__REQUIRED WORK__
Copy the records below verbatim, from the first line through the line containing "Dr Brown Cleaning Brushes 4 Pack 1", inclusive, and output nothing else.

__TASK DATA__

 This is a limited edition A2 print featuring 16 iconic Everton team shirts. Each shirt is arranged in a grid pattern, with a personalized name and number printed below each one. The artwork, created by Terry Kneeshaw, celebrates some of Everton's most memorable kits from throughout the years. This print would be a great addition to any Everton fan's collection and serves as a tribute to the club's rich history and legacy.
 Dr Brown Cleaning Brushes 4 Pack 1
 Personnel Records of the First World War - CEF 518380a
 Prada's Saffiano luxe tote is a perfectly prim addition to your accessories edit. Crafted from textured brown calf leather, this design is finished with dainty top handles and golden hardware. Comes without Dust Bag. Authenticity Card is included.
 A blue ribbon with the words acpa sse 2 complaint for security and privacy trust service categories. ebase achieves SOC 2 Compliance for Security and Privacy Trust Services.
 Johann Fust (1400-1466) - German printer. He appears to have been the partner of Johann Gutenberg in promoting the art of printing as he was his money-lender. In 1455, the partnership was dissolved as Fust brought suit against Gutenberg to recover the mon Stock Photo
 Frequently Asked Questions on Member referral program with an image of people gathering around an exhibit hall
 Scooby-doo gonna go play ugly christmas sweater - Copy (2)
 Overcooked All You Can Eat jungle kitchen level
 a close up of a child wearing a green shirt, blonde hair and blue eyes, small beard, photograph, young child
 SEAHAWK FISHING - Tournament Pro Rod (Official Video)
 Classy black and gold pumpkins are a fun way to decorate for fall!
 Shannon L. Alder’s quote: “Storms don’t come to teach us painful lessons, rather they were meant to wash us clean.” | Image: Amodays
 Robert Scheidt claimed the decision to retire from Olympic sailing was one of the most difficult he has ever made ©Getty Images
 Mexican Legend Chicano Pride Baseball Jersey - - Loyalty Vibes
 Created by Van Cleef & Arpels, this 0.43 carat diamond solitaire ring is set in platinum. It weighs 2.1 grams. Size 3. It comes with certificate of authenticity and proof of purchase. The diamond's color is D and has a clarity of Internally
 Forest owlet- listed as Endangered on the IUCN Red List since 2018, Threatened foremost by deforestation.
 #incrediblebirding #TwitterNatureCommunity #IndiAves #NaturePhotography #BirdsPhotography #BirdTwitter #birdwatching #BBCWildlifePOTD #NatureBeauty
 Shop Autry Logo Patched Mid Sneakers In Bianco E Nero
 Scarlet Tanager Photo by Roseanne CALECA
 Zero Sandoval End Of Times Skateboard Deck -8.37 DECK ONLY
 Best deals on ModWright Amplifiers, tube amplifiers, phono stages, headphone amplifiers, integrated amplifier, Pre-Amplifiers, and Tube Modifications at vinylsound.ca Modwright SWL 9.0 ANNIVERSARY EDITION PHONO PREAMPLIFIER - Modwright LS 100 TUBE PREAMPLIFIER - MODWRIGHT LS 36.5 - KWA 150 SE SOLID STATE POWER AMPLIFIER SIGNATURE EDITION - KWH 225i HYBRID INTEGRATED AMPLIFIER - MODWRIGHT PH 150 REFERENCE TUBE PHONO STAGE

__EXERCISE SOLUTION__
 This is a limited edition A2 print featuring 16 iconic Everton team shirts. Each shirt is arranged in a grid pattern, with a personalized name and number printed below each one. The artwork, created by Terry Kneeshaw, celebrates some of Everton's most memorable kits from throughout the years. This print would be a great addition to any Everton fan's collection and serves as a tribute to the club's rich history and legacy.
 Dr Brown Cleaning Brushes 4 Pack 1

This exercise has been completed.